**DIRECTIONS FOR THIS TASK:**
From the line containing "2016 calendar template" through the end of the material below, output each line exactly as written, with pictures excluded.

**DATA EXCERPT:**
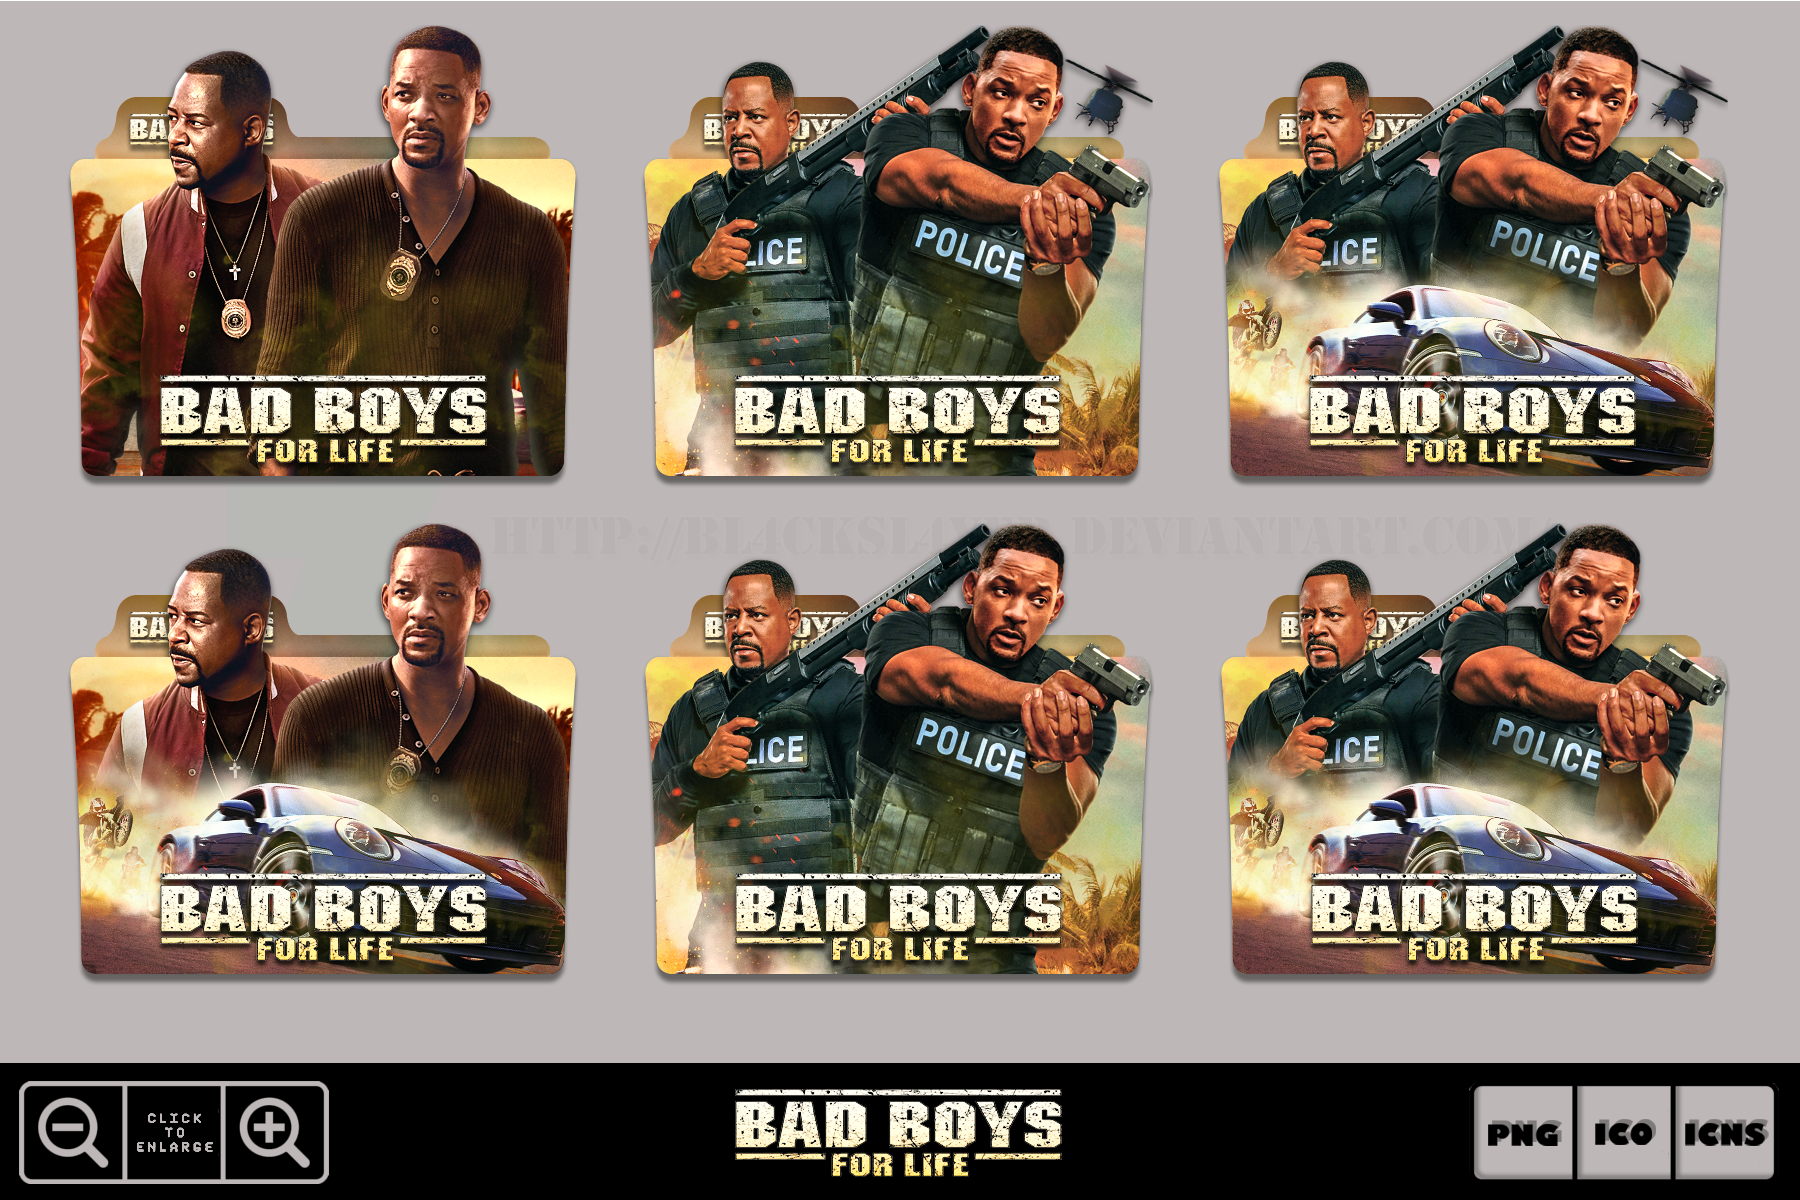 Bad Boys For Life 2020 Folder Icon Pack By Bl4cksl4yer On Deviantart
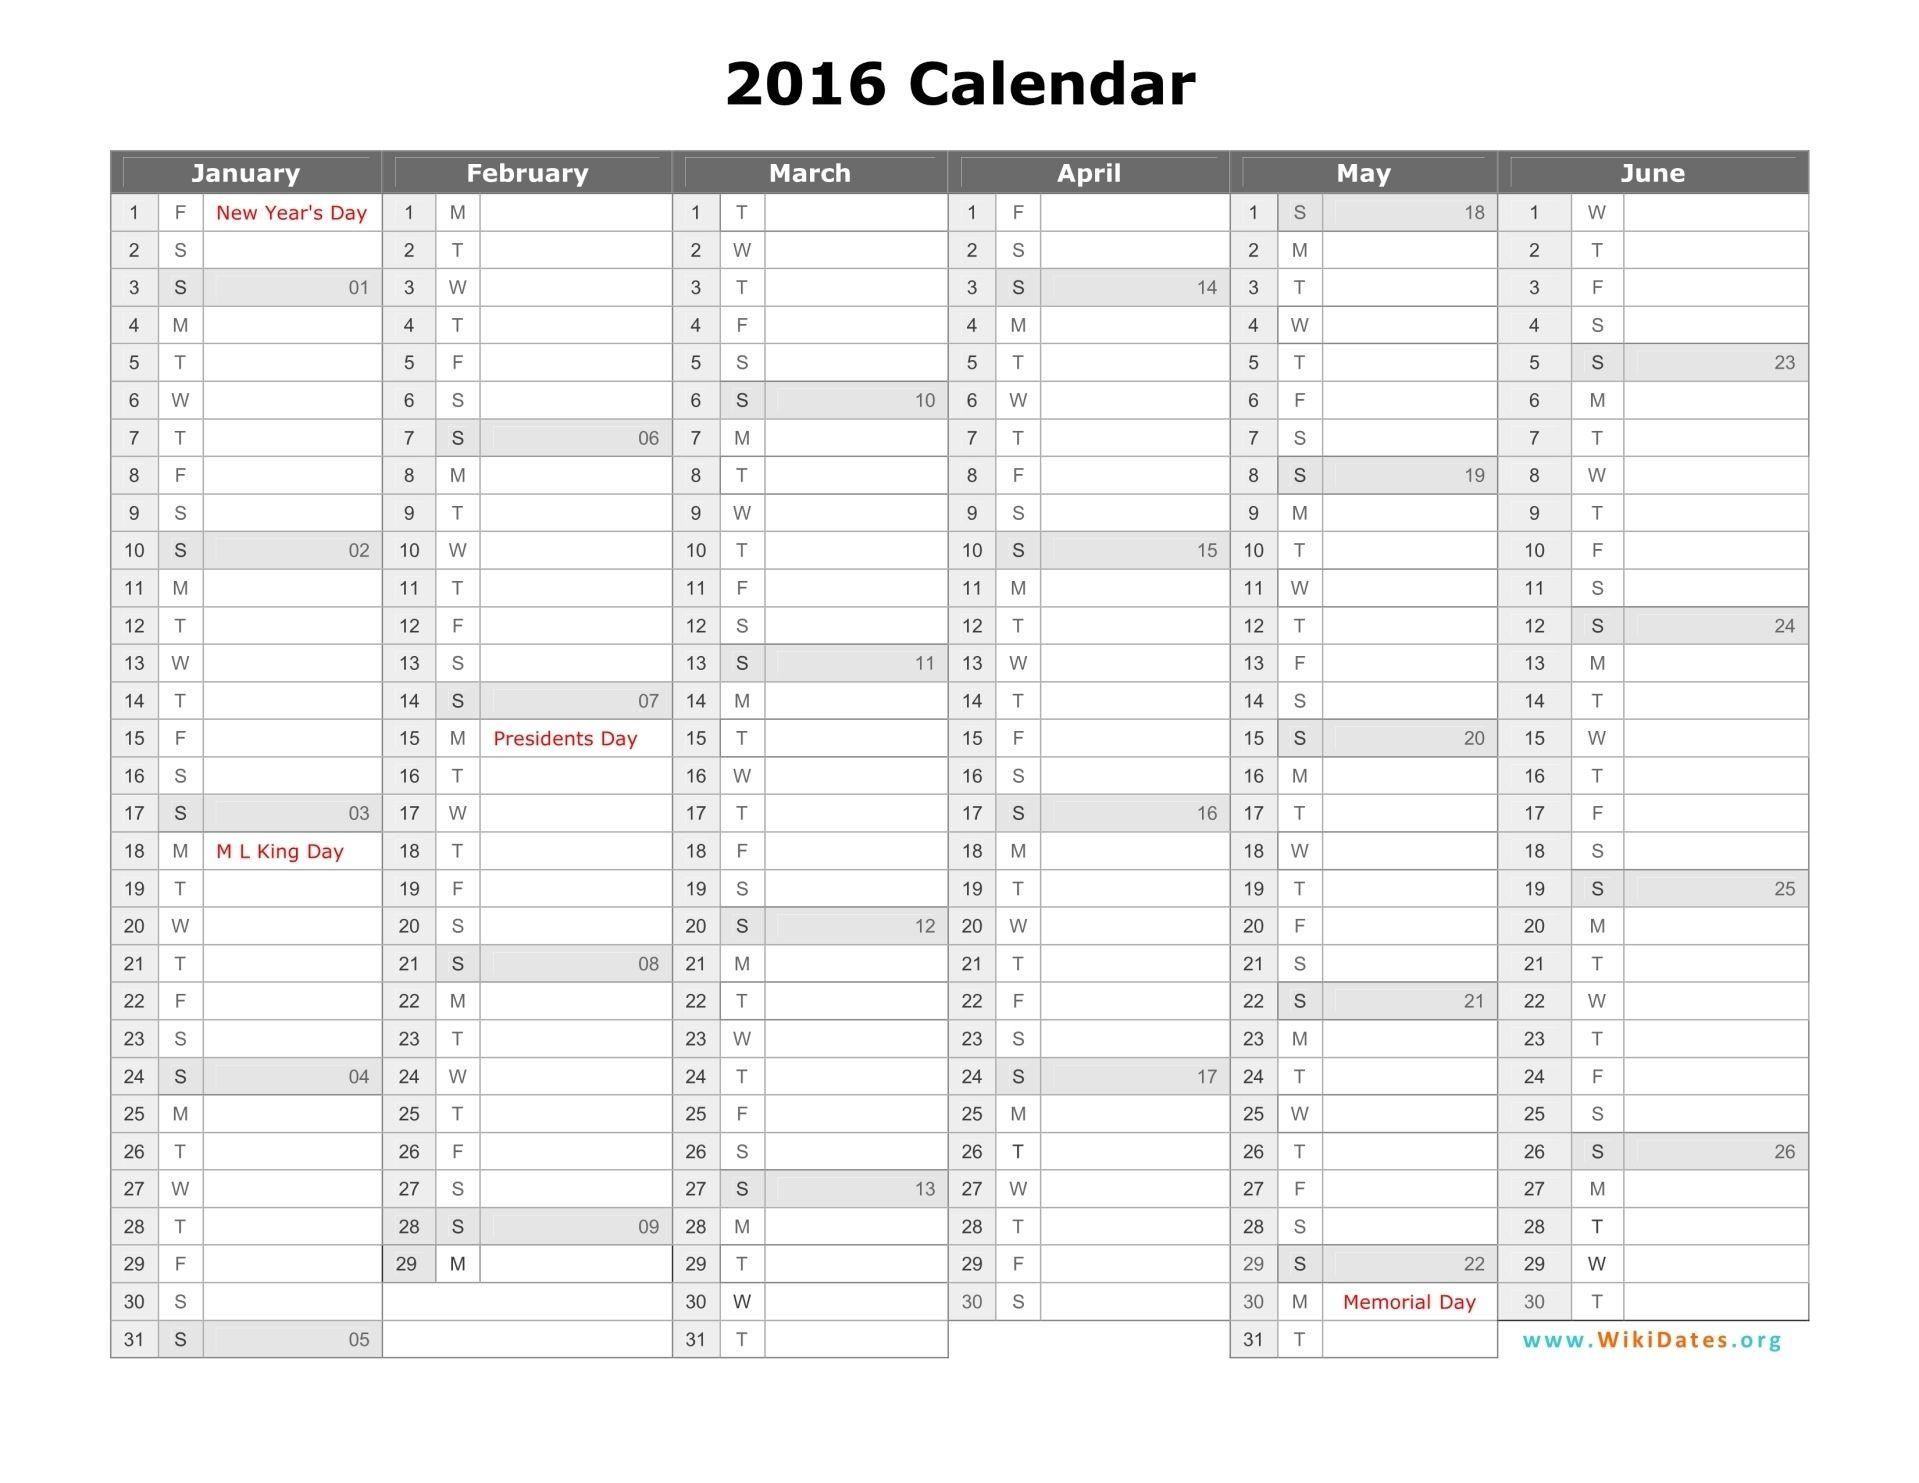 2016 calendar template 09 Annual calendar printable
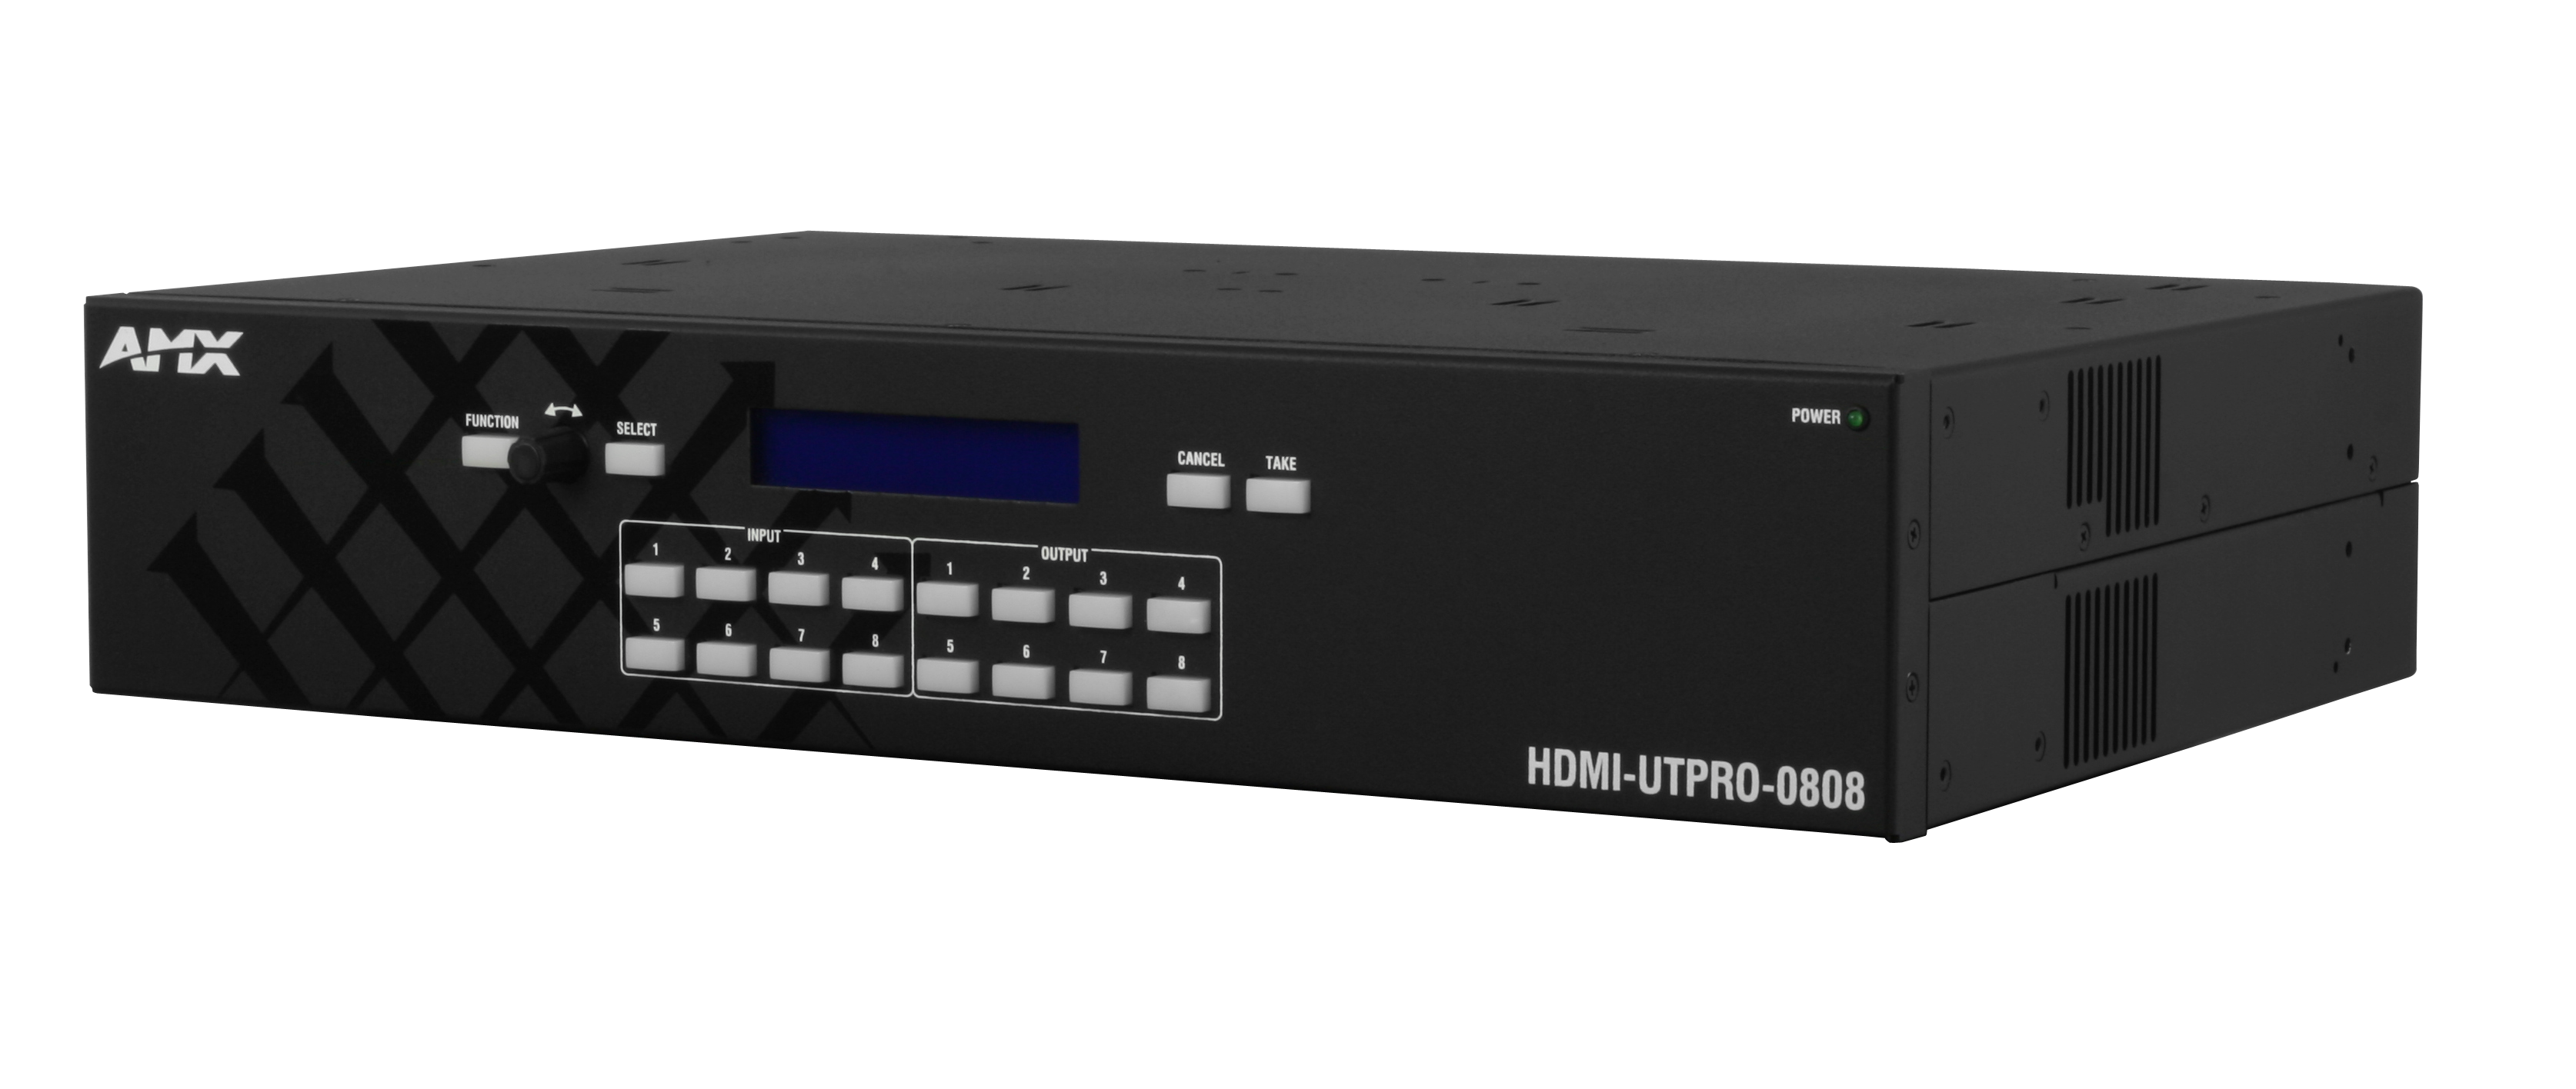 HDMI-UTPRO-0808 Front Left

**THE ANSWER:**
 2016 calendar template 09 Annual calendar printable
 HDMI-UTPRO-0808 Front Left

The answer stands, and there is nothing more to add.